Отцовский отец, дед Аврум, сам едва грамотный, конечно, не мог дать сыну никаких знаний, - но уважения к ним, благоговения перед мудрецами он, подлец, вполне сумел добиться. Уже стариком он любил сесть в сторонке и просто смотреть, как отец занимается: зрелище сына с книгой само по себе доставляло ему радость. А ведь все на свете интеллектуальные победы только этой радостью и одержаны! Ну как, как добиться, чтобы он ее не испытывал?! Дуст, дуст!
Отец, уже полуслепой, не мог пропустить ни одной книги. По математике, по биологии (что он там понимает, раздражался я) - непременно возьмет и, ложась щекой на страницу, страдальчески просмотрит до конца и с гордостью за меня заключит: "Ничего не понимаю".
Картинка на внутренней стороне век: папа бодро ведет корову, что-то читая на ходу. Он до отказа набивал книгами самодельные полки, а самодельными полками - комнату. Но, может быть, только благодаря им наш потолок не просел окончательно. Среди этого наследства - единственного - у меня не поднимается рука выбросить целые тучи прогрессивных авторов на всех европейских языках (Драйзер - вершиннейший из них).

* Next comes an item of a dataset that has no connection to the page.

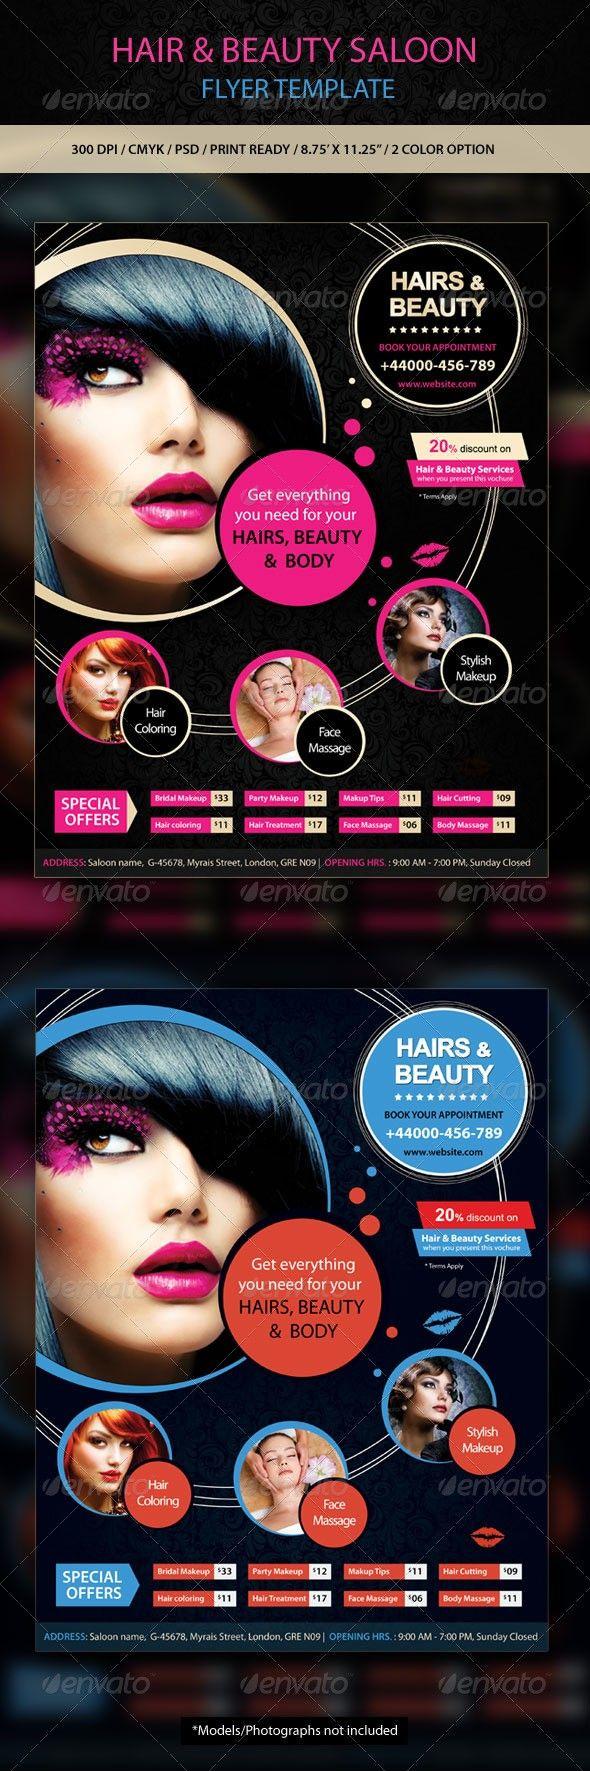 Hair Beauty Saloon Flyer Flyer Design Pinterest Fonts And

Всякий раз меня так и пронзает, что отец до конца дней оттачивал свои иностранные языки и что-то серьезнейшим образом изучал - все готовил себя еще к каким-то связям с иностранцами, евр. морда, хотя жизнь-то давным-давно была уже кончена...
Только совсем недавно до меня дошло, что ни к чему он не готовился, а делал то, что нравится. Он не кокетничал и не прятал голову в песок, уверяя, что он счастливый человек: единственное, чего он по-настоящему хотел, - места в людском мнении, - он всегда имел, как каждый имеет то, чего он хочет по-настоящему. Он был не только счастливым, но еще и везучим человеком: он всегда с радостным облегчением вспоминал, до чего вовремя его посадили, освободив таким образом от множества подлых соблазнов.

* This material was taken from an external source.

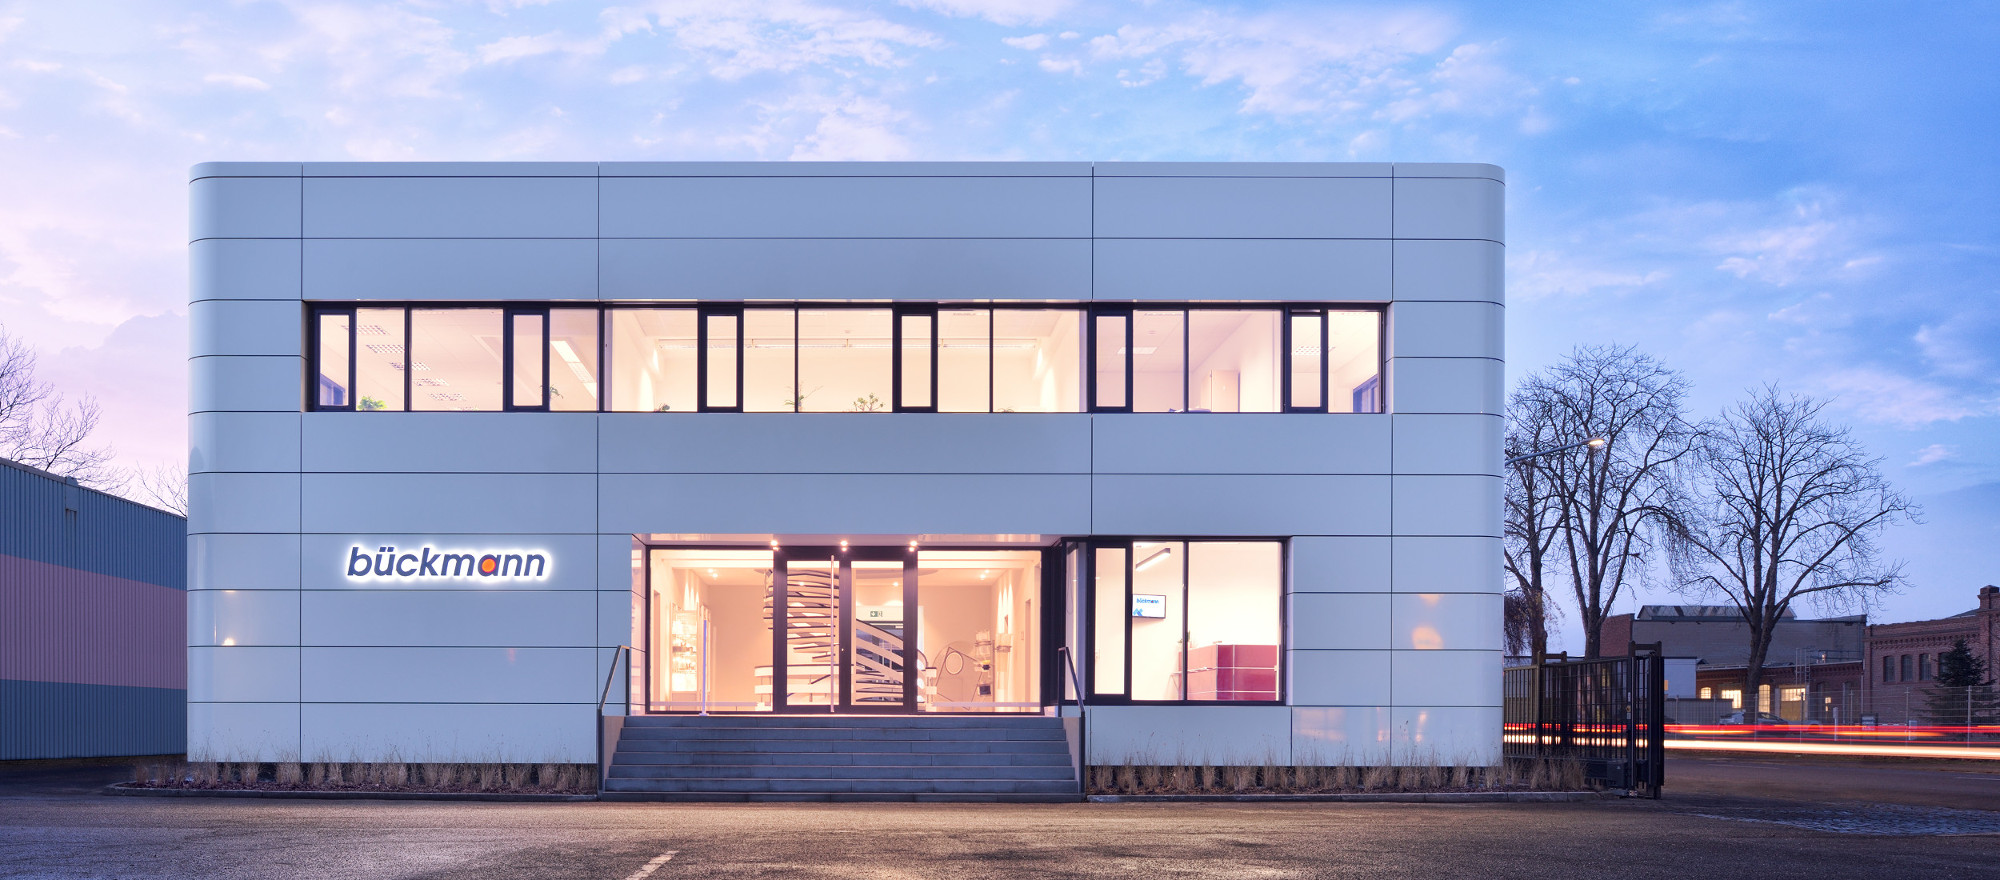 Verwaltung Bückmann GmbH

Уже в стольном граде Кара-Тау у отца наконец появился младший еврейский друг, носивший говорящую фамилию Могилевский, бородатый и красивый, как карточный восточный король, и почти такой же маленький. Когда ему было лет пяток, его еврейского папу арестовали, а маму вместе с ним и старшей сестренкой отправили в какой-то не то кишлак, не то аул, где только председатель и парторг с грехом пополам понимали по-русски. Там уже маму досадили окончательно. Дети, как в сказке, три дня и три ночи просидели на крыльце районного НКВД, пока их, во избежание соблазна, какой-то добрый человек не турнул от детдома подальше.

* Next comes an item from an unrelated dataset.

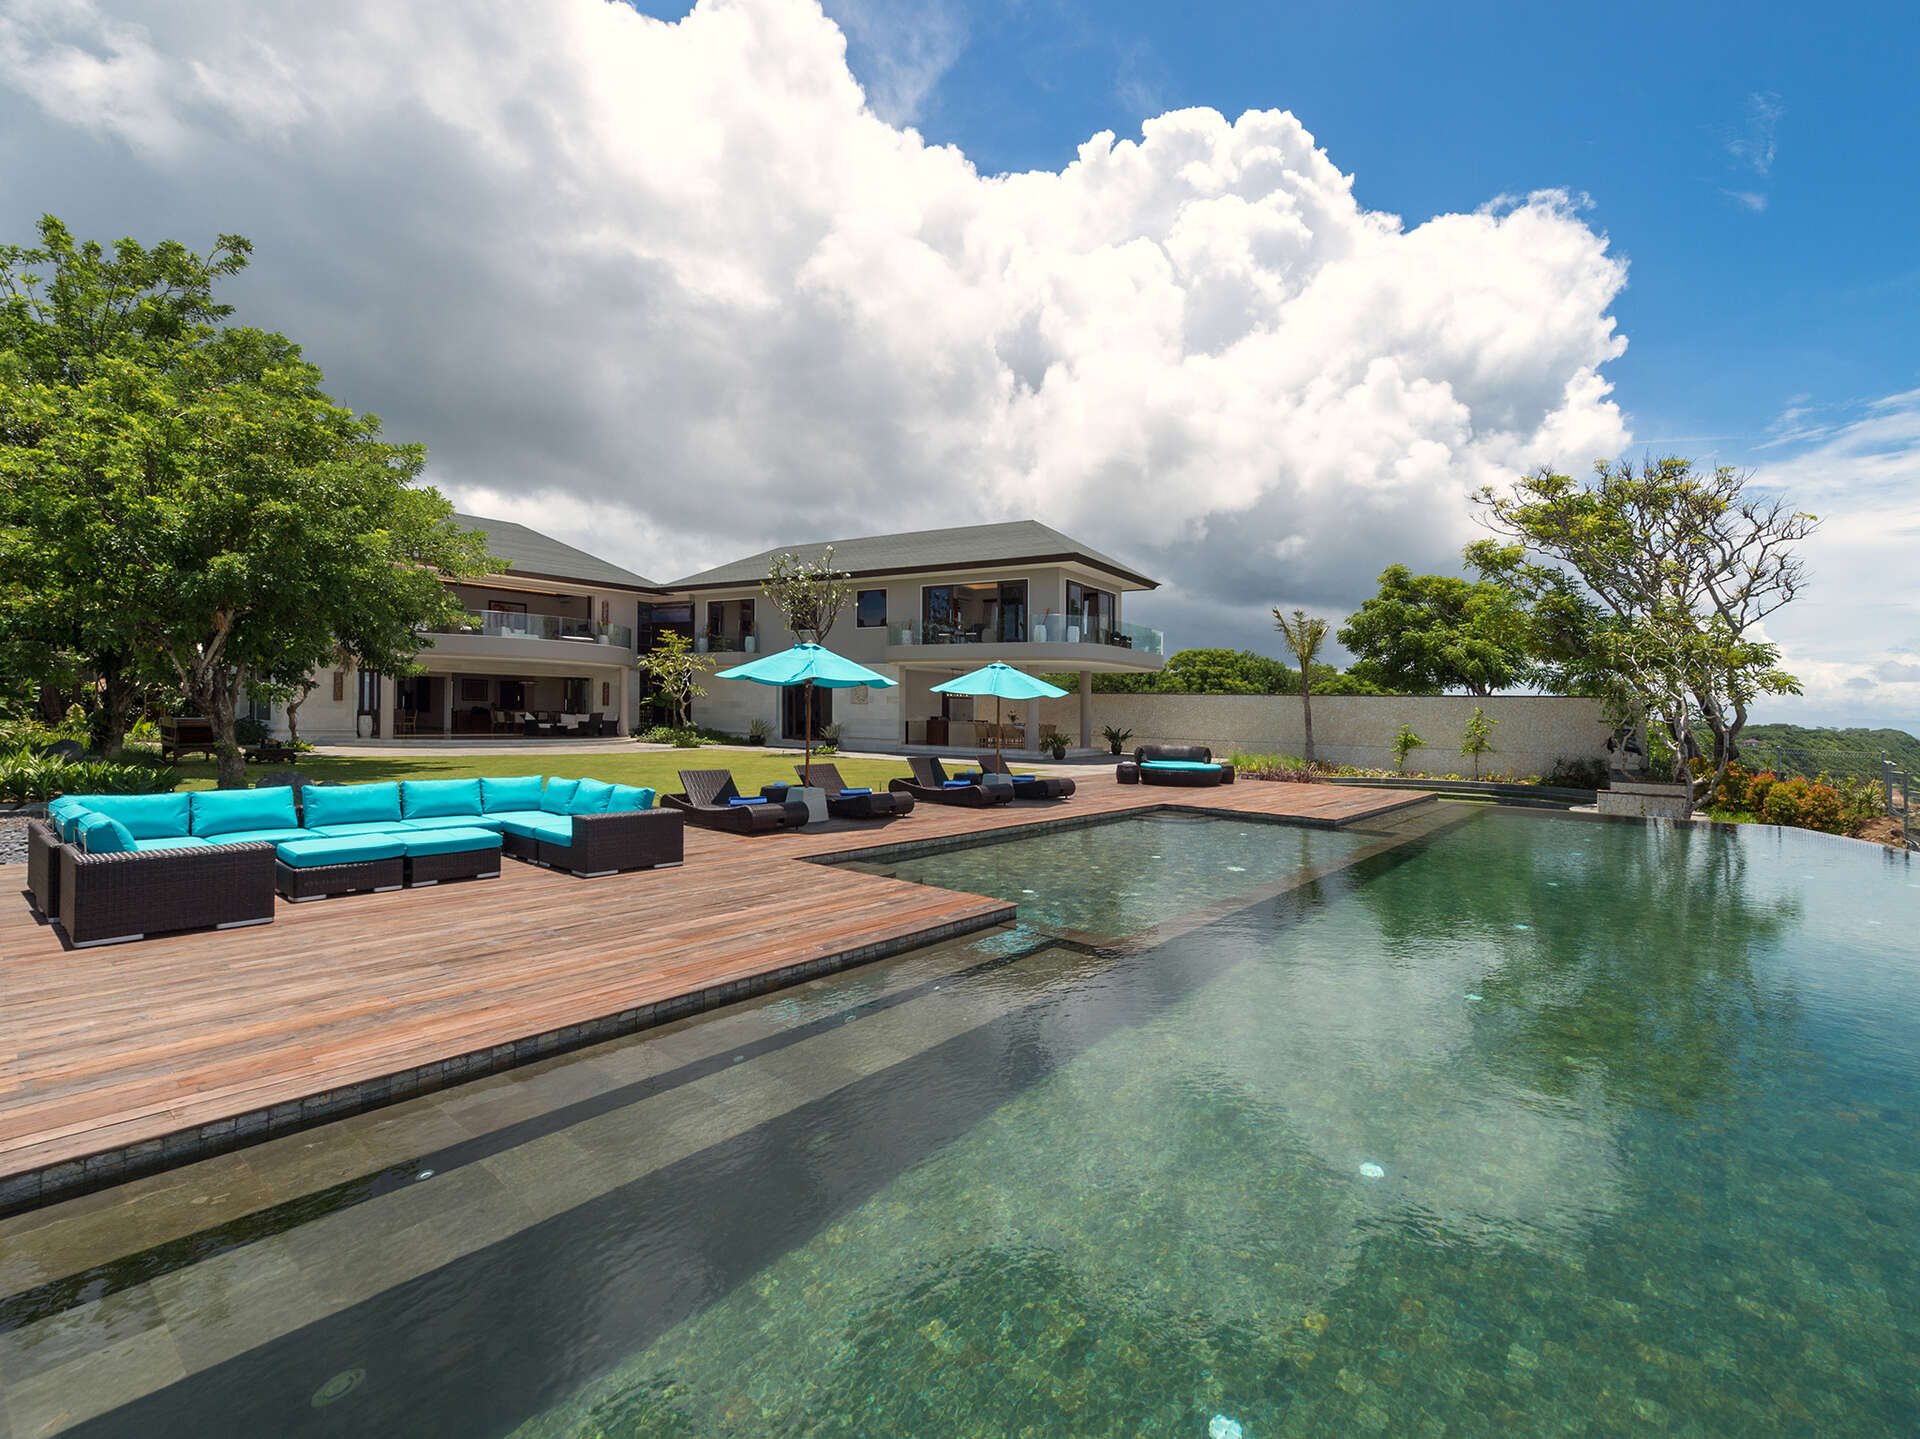 Luxury villa rentals asia - Indonesia - Bali - The bukit - Pala - Image 1/20

Так, с чисто еврейской изворотливостью ускользнув от детприемника, ловкие малыши вернулись обратно в чужой Эдем, где непонятные люди
говорили на непонятном языке. Их начали кормить по очереди, передавая из сакли в са...– или это называлось юртой? Нет, это был чум, то есть иглу, вернее, вигвам - главное, сестра, десятилетняя девочка, разнюхала на расстоянии двух верблюжьих, вернее, собачьих переходов русскую школу и как клещ присосалась к русской культуре, а потом принялась протаскивать туда же еврейскую родню. Через несколько лет они с братом уже пробрались на Доску почета, захватив проценты, причитающиеся коренному населению, а в день получения чужой золотой медали юный карьерист Могилевский увидел на школьном крыльце изнуренного оборванца - это был его еврейский папа, который приехал умереть у него на руках, чтобы сэкономить на собственных похоронах: похоронили его на колхозный счет. Правда, без гроба, но евреи к этому привыкли.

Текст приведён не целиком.